How can I get the source index of a text node in an HTML string?
Tags have sourceline
and sourcepos
which is useful for this, but NavigableString
does not have any directly-helpful properties like that (as far as I can find)
I've thought about using
def get_index(text_node: NavigableString) -> int:
return text_node.next_element.sourcepos - len(text_node)
But this will not work perfectly because the length of the closing tag is unpredictable, e.g.
>>> get_index(BeautifulSoup('<p>hello</p><br>', 'html.parser').find(text=True))
7
Is incorrect, and '<p>hello</p >'
is also valid HTML and will produce an even more incorrect result, and I'm not sure how to solve this kind of case using the tools I've found so far in BeautifulSoup.

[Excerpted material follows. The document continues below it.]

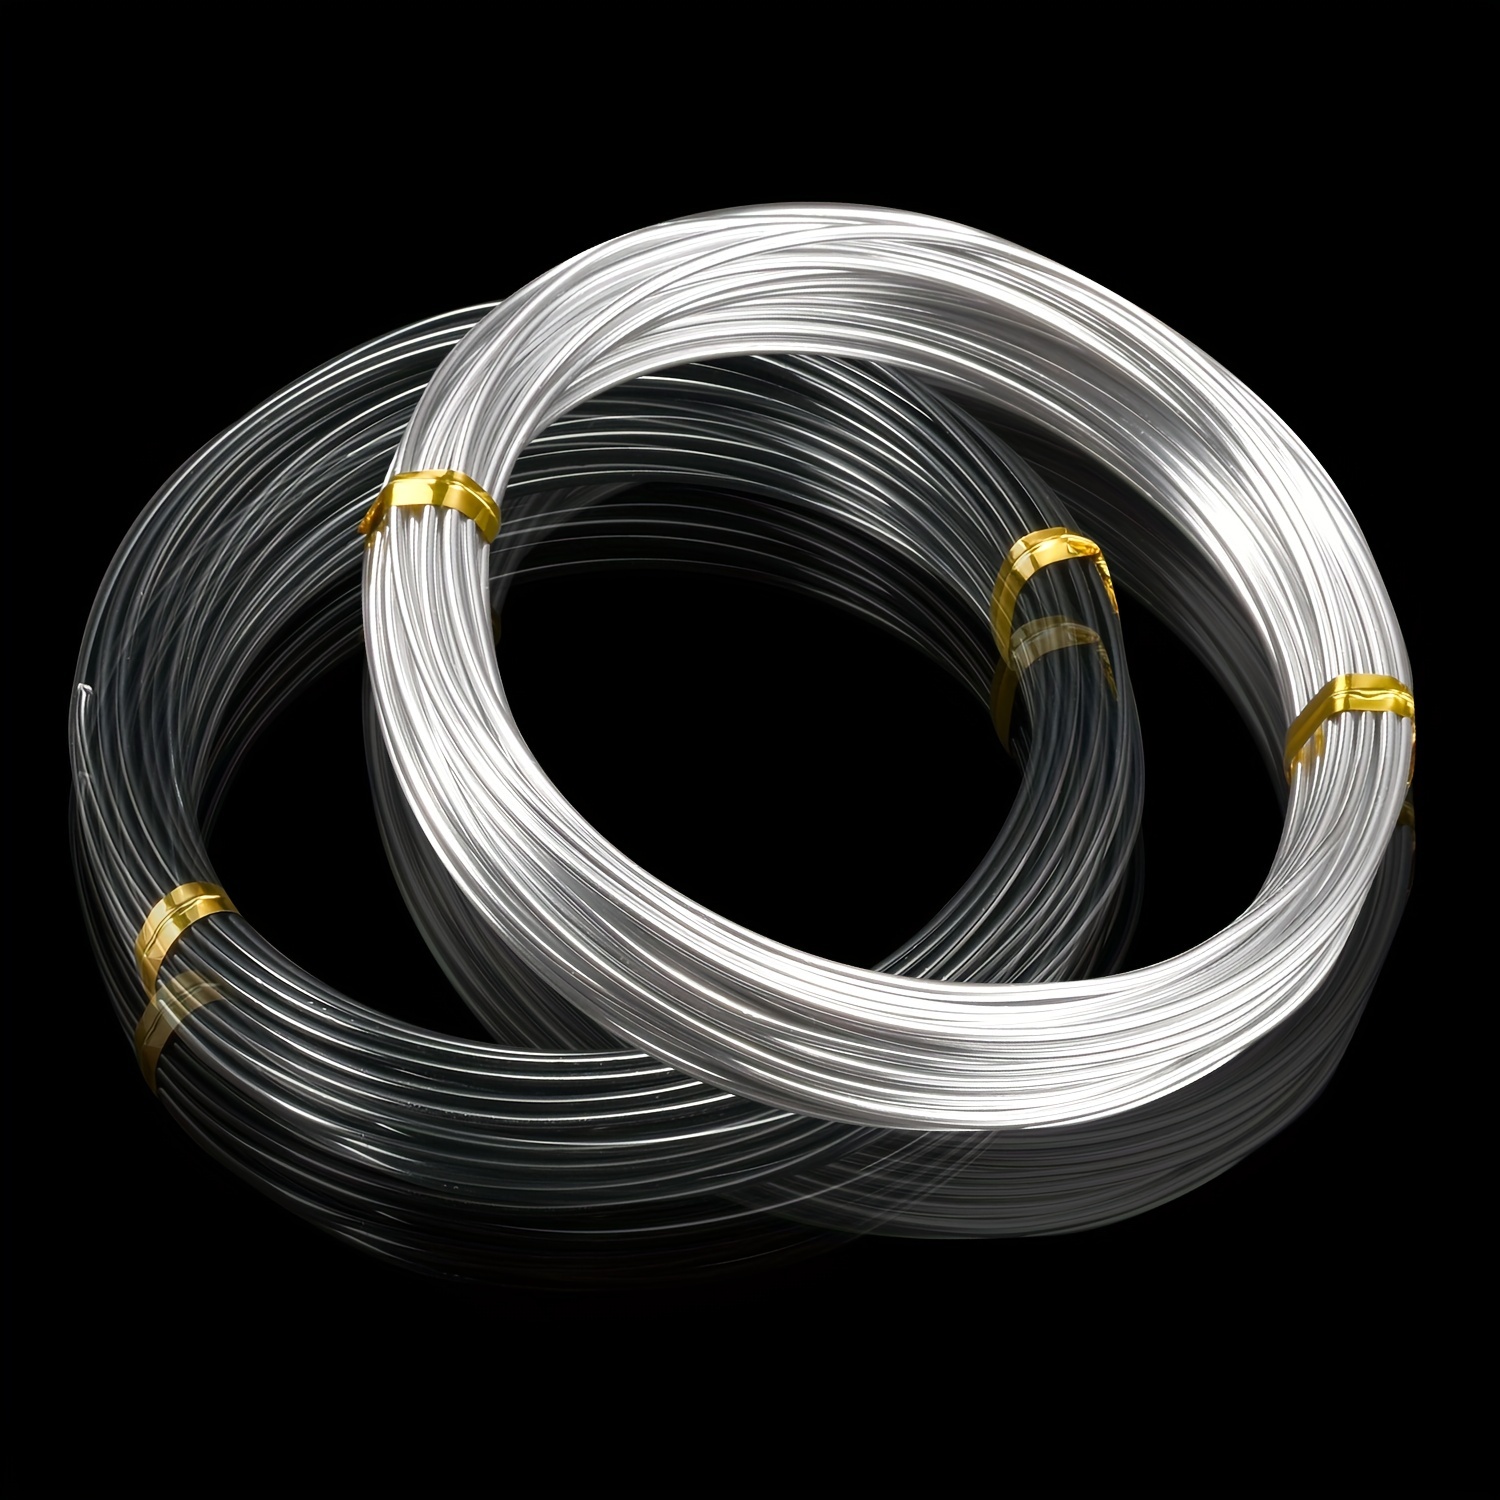 32.8ft Aluminum Wire, Jewelry Wire Craft Wire 3mm 9 Gauge Wire, Black

I would also be interested in an lxml or Python html module answer if they have simple solutions.
Desired results:
>>> get_index(BeautifulSoup('hello', 'html.parser').find(text=True))
0
>>> get_index(BeautifulSoup('<p>hello</p><br>', 'html.parser').find(text=True))
3
>>> get_index(BeautifulSoup('<!-- hi -->hello', 'html.parser').find(text=True))
11
>>> get_index(BeautifulSoup('<p></p ><p >hello<br>there</p>', 'html.parser').find(text=True))
12
>>> get_index(BeautifulSoup('<p></p ><p >hello<br>there</p>', 'html.parser').find_all(string=True)[1])
21
Using html.parser
:
class MyHTMLParser(HTMLParser):
def handle_data(self, data: str):
line, col = self.getpos()
previous_lines = ''.join(html_string.splitlines(True)[:line - 1])
index = len(previous_lines) + col
print(data, 'at', index)
parser = MyHTMLParser()
parser.feed(html_string)